1:01:32 <On-screen text> 2000 Election
Tom Ferguson – The ‘96 thing really does look rather like 2000. Something like three-quarters of the business community was strongly anti-Clinton. I don’t think that percentage changed that much. So you’re in a situation where I’m going to say, I’m going to stipulate, two-thirds to three-quarters of the business community wants Bush. The hullaballoo, if you elect Gore, would be quite a lot. Some of the labor guys thought maybe we should have some marches to sort of protest this [the Florida vote count debacle]. They clearly were advised don’t do this. If the situation had been reversed, and Gore had in fact won [the Supreme Court Florida vote decision] five to four, I think you would have seen almost chaotic scenes of the type where you had Republicans paying guys to go down into Florida and actually demonstrate. The consensus candidate, the business community, was winning. Throw the hand in and collect your tax cut due was, I think, the dominant sentiment. These guys weren’t trying that hard. You know, and Kerry clearly threw the hand in too fast on 2004. In the end, business folks won’t turn the place into a shambles. They’ll take a shot at it, try it, and if they lose, okay, we’ll take our tax cut and we’ll come back next year with more of the same.
1:02:40 — <Film clip from Trading Places with Eddie Murphy and Dan Aykroyd>
- Billy Ray (Murphy) – Oh, see, I made Louis (Aykroyd) a bet here. Louis bet me that we couldn’t both get rich and put you all in the poor house at the same time. He didn’t think we do it. I won.
- Louis – I lost. One dollar.
- Billy Ray – Thank you, Louis.
- Louis – After you.
- Billy Ray – Certainly. <Laughs. End of scene>
1:02:58 <On-screen text> Stock Prices & Political Power: A Close Correlation
Tom Ferguson – Stock market prices actually reflect major investor knowledge of campaign contributions. We know that congressmen and senators earn the highest rates of return in recorded history on their portfolios, which means they’re being given insider information. And that doesn’t show on any campaign contribution. I had a colleague at the University of Texas, he did a paper called Death of a Congressman*. What he quickly discovers is that if they die unexpectedly, the stocks that the companies they’re close to crash that afternoon.
That theme was picked up by some folks on Indonesia and Malaysia where they looked at how the Asia crisis affected the stocks of – remember when Mahathir and his rival, Anwar, went down in Malaysia, at Mahathir’s hands, and it turned out the stocks of the companies that Anwar was close to crashed.
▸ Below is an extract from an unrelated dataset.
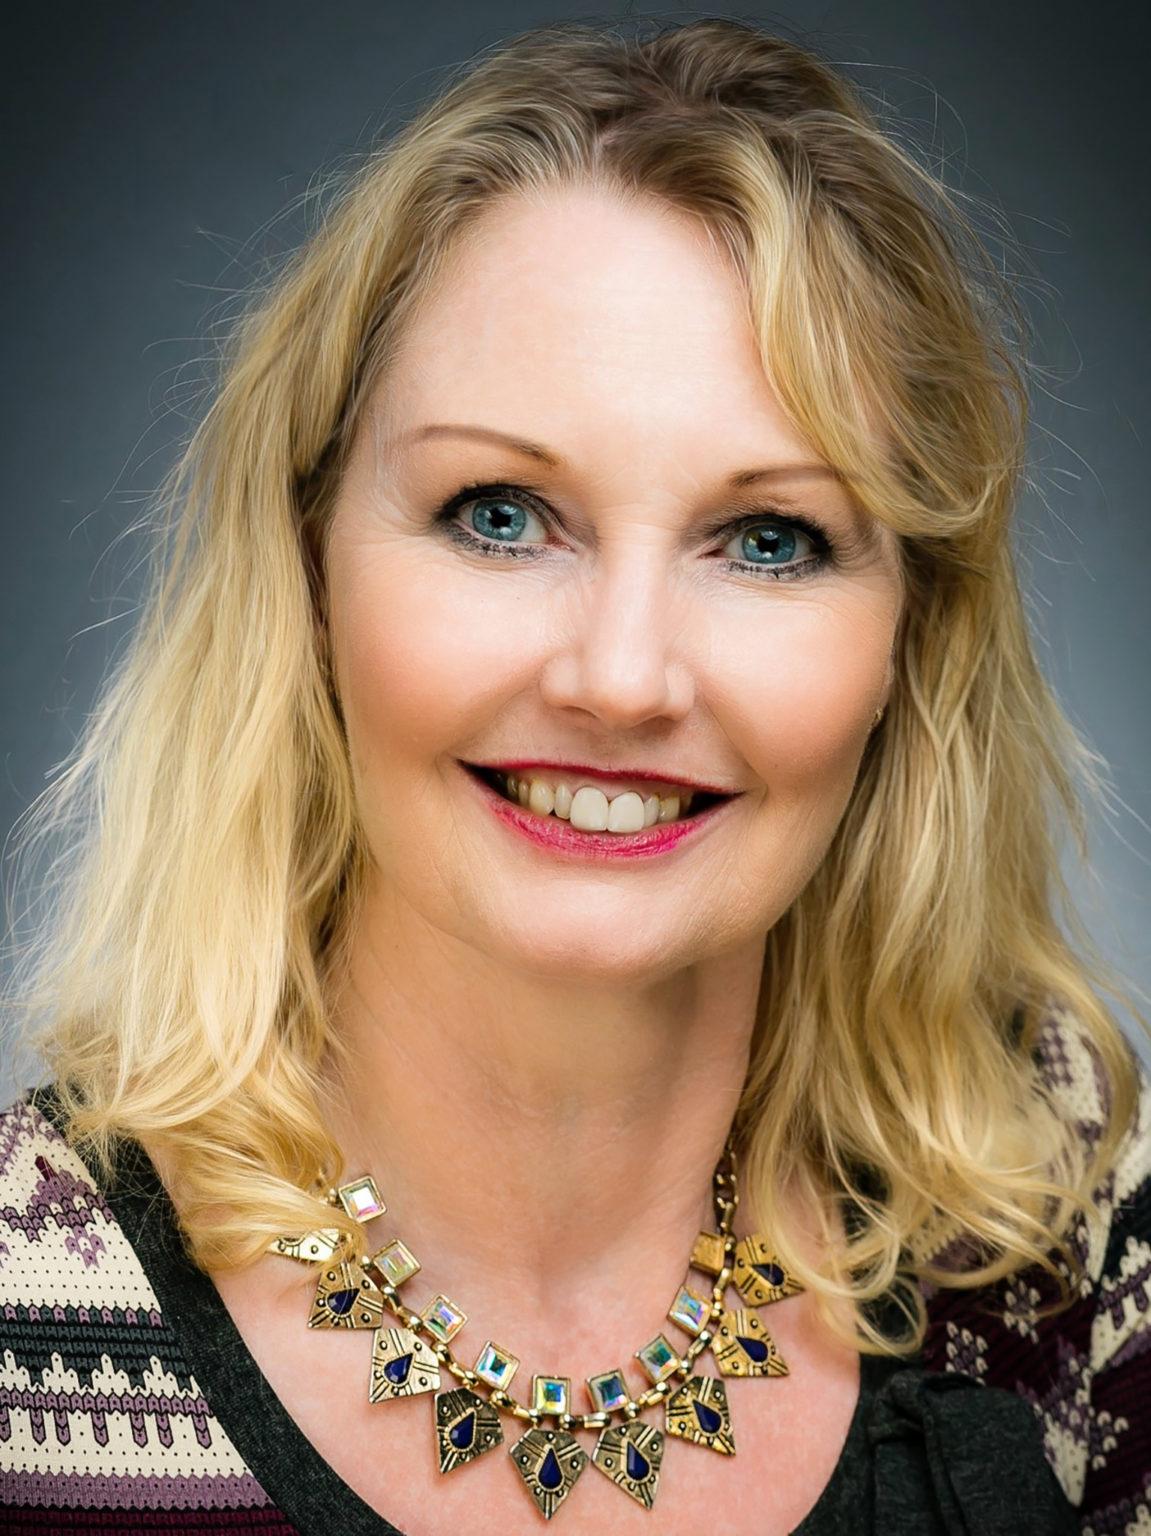 Lincolnshire photographer Sharon Mallinson

They went down by something like – my memory is about 22-23 percent in the space of a week or two. But that was what political patronage was worth in Malaysia.
I looked at that paper and I said to my friend, <unintelligible>, you know, we could do — we could use this technique, which basically, what you do is you estimate what the stock market’s doing over about six months before. So you try to define a little event window, which is real tight, and the idea is track what stocks do on average and then see if the ones that are politically connected – or that you think might do better on average than that.
And so we took that method over on probably the most famous argument about political money ever, which is the coming to power of Adolf Hitler. We worked this through – it took something like 3 or 4 years – and what we showed was like the last 25 years of American history and German history on this was all wrong. That, in fact, yeah, big business, in fact, did fund Hitler**, a big chunk of it, sort of somewhat loosely. The classical Nuremberg hypothesis*** was really right. They owned steel companies, I.G. Farben, Siemens things like that. Yeah, they were all into this. And there, stocks do move hugely, excessively, “excess returns” as they say.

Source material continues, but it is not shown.